Engineer’s Marine Aerosol Research Gets Lift with CAREER Award
Dr. Giacomo Iungo studies the effects of marine aerosol particles by gathering real-time data from a marine environment, then creating simulations in the Boundary Layer and Subsonic Wind Tunnel (BLAST) at UT Dallas.
Dr. Giacomo Iungo and his team have been collecting data from the UT Dallas mobile wind lidar station at Galveston Island State Park. The remote-sensing instrument uses a laser to provide high-resolution measurements of wind velocity, the intensity of turbulence and the concentration of aerosol articles.
The mechanics of how particles, such as spilled oil droplets over the ocean surface, become trapped and transported through the wind and the atmosphere are not well understood.
Dr. Giacomo Iungo, associate professor of mechanical engineering in the Erik Jonsson School of Engineering and Computer Science at The University of Texas at Dallas and principal investigator of the Wind, Fluids, and Experiments Lab, is exploring this process to improve predictions of how aerosolized particles affect wind turbulence, coastal air quality and offshore wind turbines.
Iungo recently received a Faculty Early Career Development Program (CAREER) award from the National Science Foundation to advance his research. The five-year, $500,000 grant will support research on campus and at Galveston Island State Park to collect data through the UT Dallas mobile wind lidar station on the interaction between wind and the sea surface, trapping of aerosolized particles within the atmosphere, and their transport to the coast. Iungo will use machine learning to build accurate models of the flow of the particles through the marine atmospheric boundary layer, where the ocean and atmosphere exchange large amounts of mass, momentum and energy.
“We’re trying to understand how we can predict the trapping of particles and how those particles interact with the wind turbulence and are transported over long distances,” Iungo said. “I’m looking at the mechanism of this motion.”
“We’re trying to understand how we can predict the trapping of particles and how those particles interact with the wind turbulence and are transported over long distances.”
Dr. Giacomo Iungo
Associate professor of mechanical engineering in the Erik Jonsson School of Engineering and Computer Science
While most studies on aerosolized particles have involved modeling airborne particles in the lab, Iungo and his fellow researchers plan to conduct extensive field tests.

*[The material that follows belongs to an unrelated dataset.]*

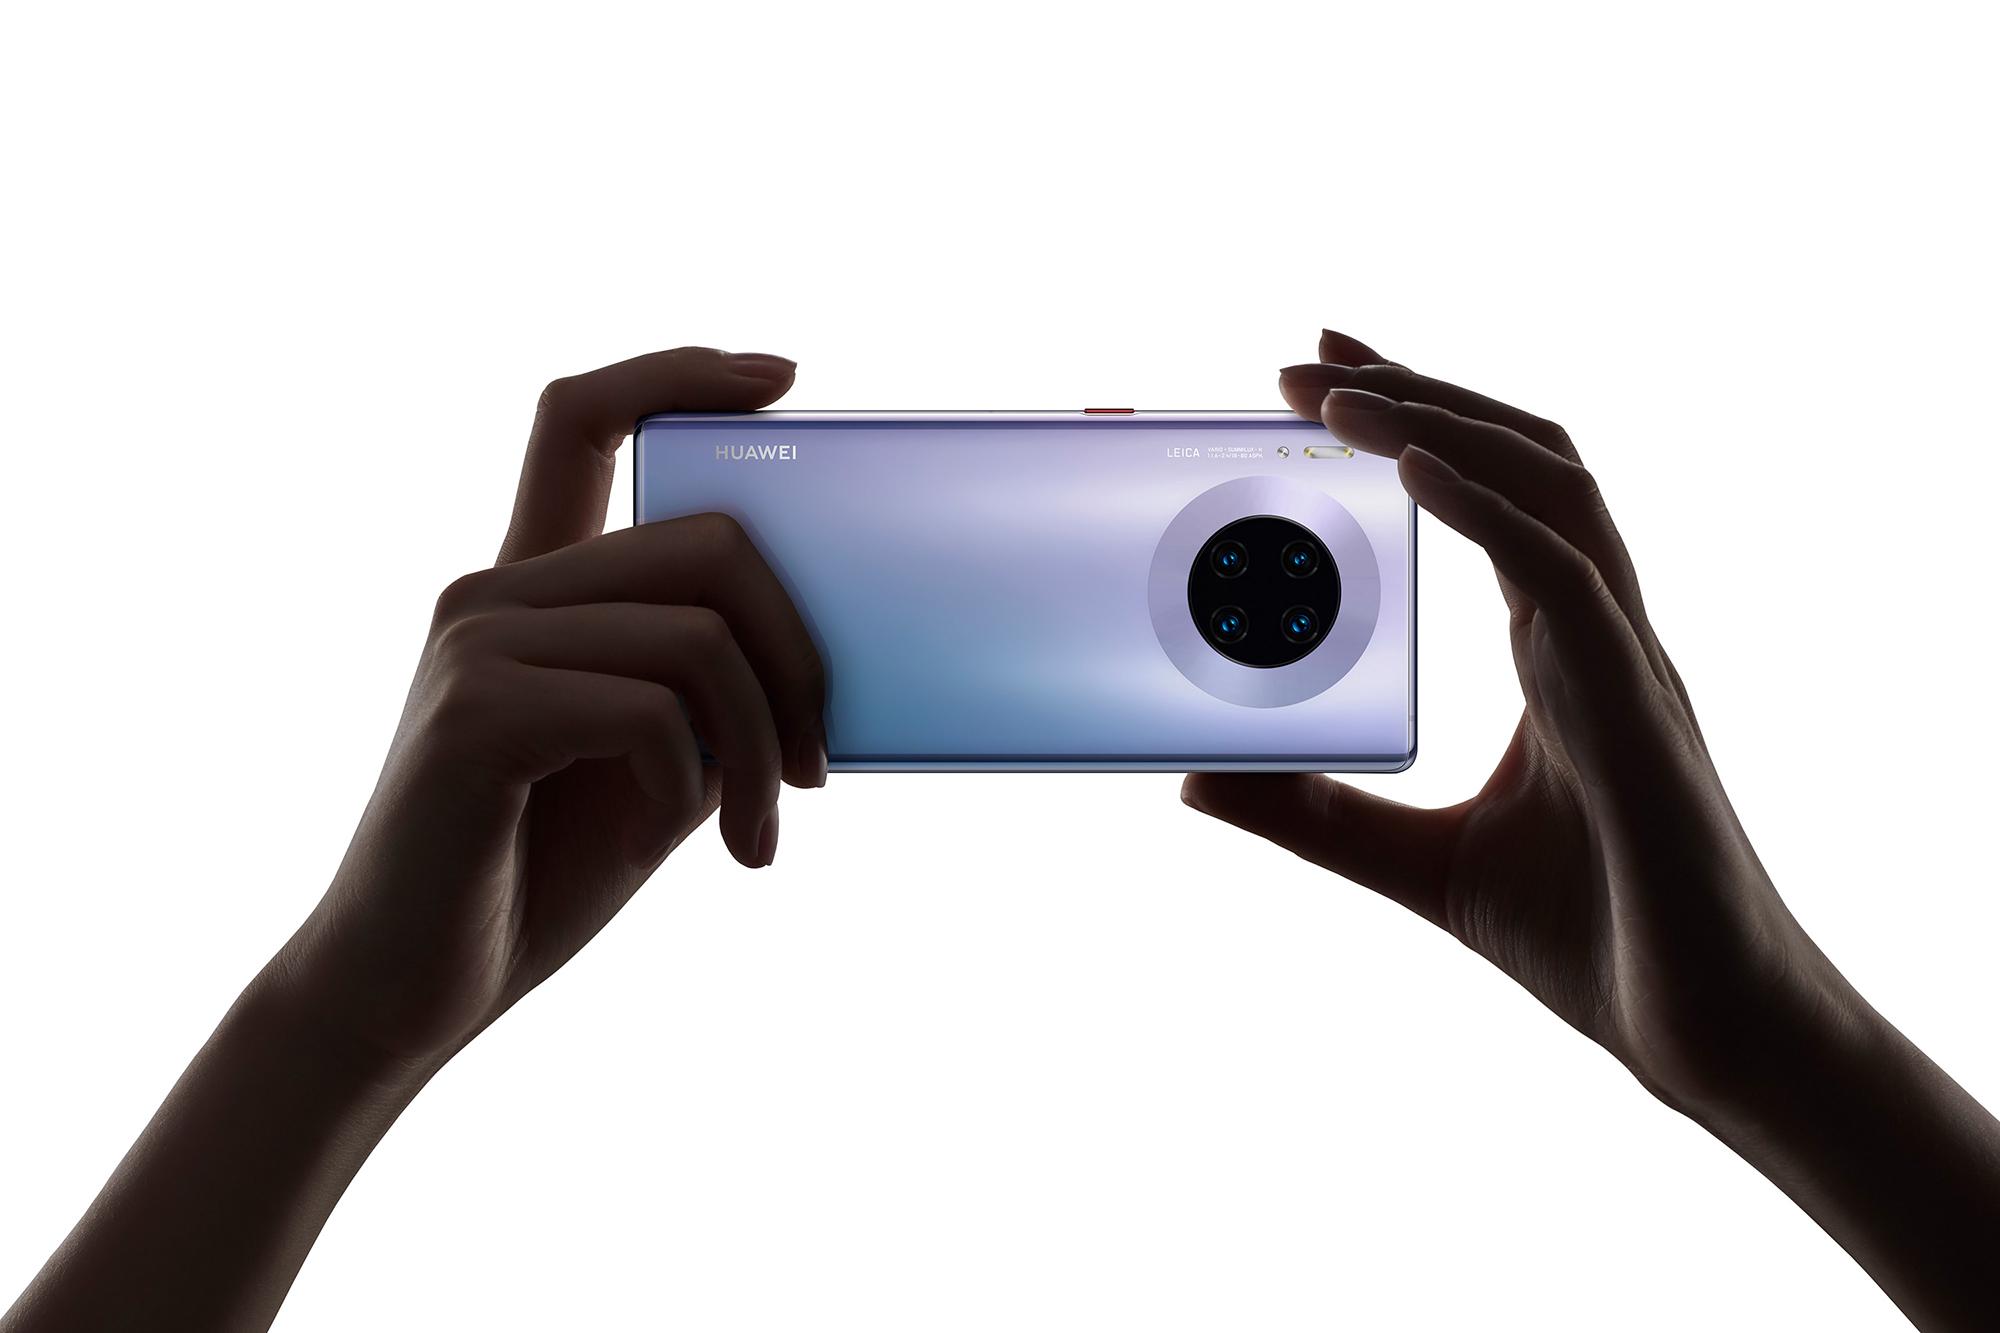 Huawei запускает Mate 30 и Mate 30 Pro без приложений Google, первые интегрированные 5G SoC, 40-мегапиксельные камеры

The research combines the disciplines of meteorology, chemistry, physics and fluid mechanics to analyze factors such as ocean currents, turbulence and wind velocity, which affect the movement of aerosolized particles.
“By knowing wave height, wave direction, wind speed, things like this, we can predict how much concentration of a particle we could expect to find in a certain region at a certain time,” Iungo said. “This can be crucial, for instance, for helping people with asthma and respiratory illnesses in case marine aerosols may contain pollutants trapped from the sea surface.”
The research also involves analyzing the size and composition of the particles. Oil, which is lighter than water, can become aerosolized easily, Iungo said. The smaller the bubble, the farther aerosolized oil particles travel.
The results can be important for understanding how aerosols affect wind turbine performance and how the presence of aerosols impacts corrosion or lubrication of the mechanical components of the turbine and erosion of the blades, Iungo said.
Iungo and his team will gather data in Galveston Bay with the mobile lidar station. A wind lidar (light detection and ranging) is a remote-sensing instrument that uses a laser to provide high-resolution measurements of wind velocity, the intensity of turbulence and the concentration of aerosol particles.
The research builds on Iungo’s previous work in Galveston Bay, supported by the Gulf of Mexico Research Initiative. In that project, Iungo and researchers, including graduate and undergraduate students, deployed the UT Dallas mobile wind lidar station at Galveston Island State Park from November 2018 to April 2019 to collect data on marine wind and air conditions. Their research was featured on the cover of the journal Atmosphere.